Arts In Transit: Where Public Art and Public Transportation Merge

    Many St. Louis commuters, particularly those using public transit, spend a lot of time waiting. Bus shelters and Metro stops turn into a second home for people like architect Sam Avery.

    “A lot of people spend a lot of time out in the cold waiting for their bus and for Metro and anything you can do to help that experience I think is great,” said Avery.

    His contribution to improving the experience sits over his shoulder at the bus shelter along Olive Boulevard in Creve Coeur. The image of a painting he created, “Can’t Stop, Won’t Stop,” adorns the wall. It’s one of ten chosen in an annual contest to decorate transit stops around the Bi-State. It’s heady stuff for a guy who, in the art world, is essentially a rookie.

    “It’s pretty remarkable,” Avery said. “I honestly didn’t expect to win anything. I’ve only been doing art for about a year. I was worried that it would look kind of strange this large, but it turned out all right.”

    Avery’s piece joins what is now a more than a three-decade old collection of works by “Arts in Transit,” Metro’s effort to beautify bus and train stops.

    Jessica Fox is another one of the 2018 winners, and she can also appreciate an effort to make these spaces a little nicer.

    “I used to ride public transportation all the time. I’ve sat here before, so it’s awesome to have my piece here right next to me,” she said standing in a 14thStreet bus shelter downtown. “It’s great. It’s a conversation starter. You look at different works and talk and get to know your fellow St. Louisans. It brightens up the mood on a dreary day. You’ve got some color out there.”

    Both artists found out about the contest through their parents, who caught news clips and urged them to enter. Both say it was an unexpected thrill to get word their work would soon be plastered all over the region.

    “I was at work, and I saw the email and I was like, ‘No way! That’s awesome!’ It was great and it’s such a great opportunity,” Fox said.

    Avery was also at work.

    “I got the email and it was kind of like a big jolt to my stomach like, ‘Holy crap! I just won!’ So I looked around at my boss and I was like, ‘Hey look.’ And he said, ‘I told you you’d win something!’”

    One of Fox’s works, “Organized Chaos”, might remind you of daily life.

    “The inspiration — we’re surrounded by chaos, but there’s a lot of repetition to it, creating an order to it,” she says.

    “Can’t Stop, Won’t Stop” by Avery has everything to do with persistence. It’s inspired by the controversial coy fish.

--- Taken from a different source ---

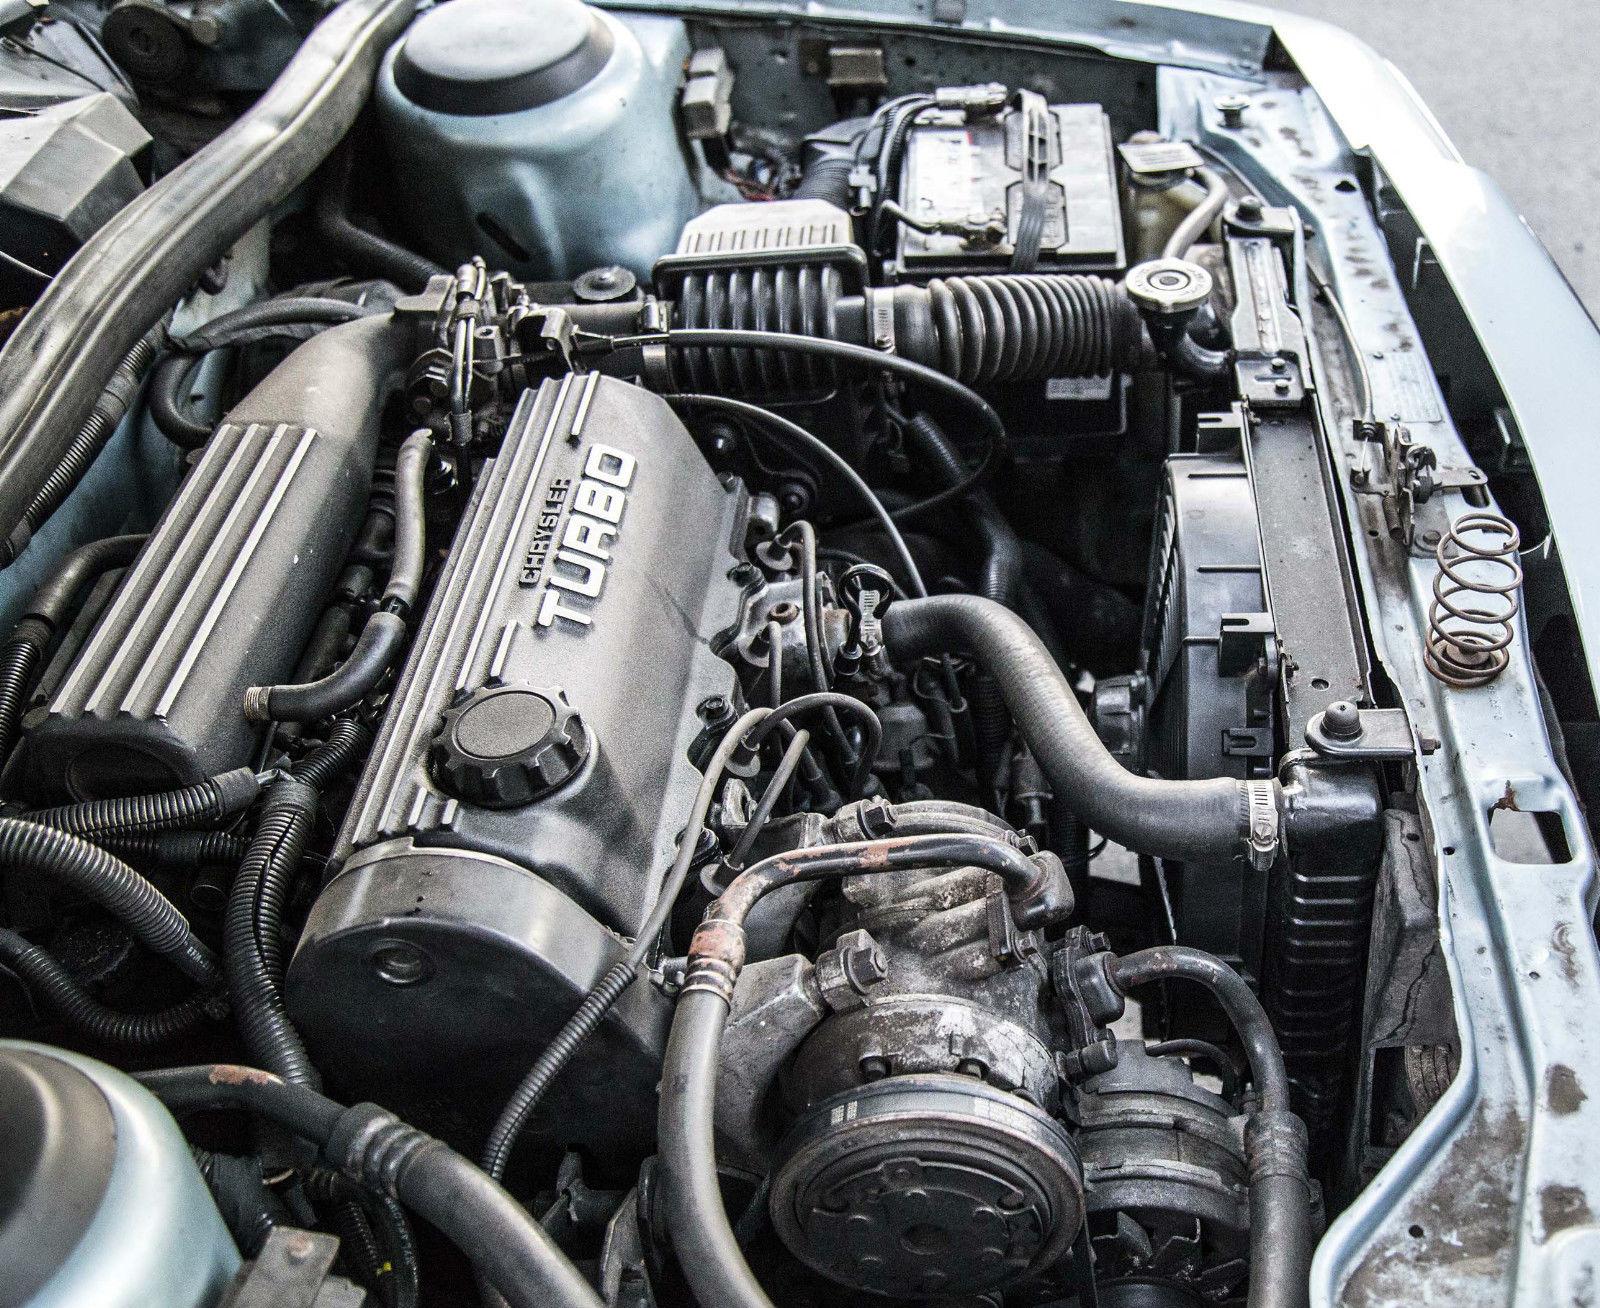 For Sale  Plymouth Reliant Wagon With A Turbo I4  U2013 Engine

    “This fish will swim upstream against all odds. It’s even known to swim up waterfalls,” Avery said. “I wanted to paint something to encourage resiliency to always bounce back and try your hardest against all odds.”

    An endless pattern of chaos and determined souls doing all they can to overcome the current.  The two paintings sound a little bit like the morning commute.

    “It could represent the transit system! All the energy swirling around and connecting to each other, and (poof), ya know?”

    Avery sees that connection as fuel for the local arts scene.

    “To keep things home grown,” he said, “To have local St. Louis artists decorate those areas and get people involved in the arts within St. Louis, I think it can help.”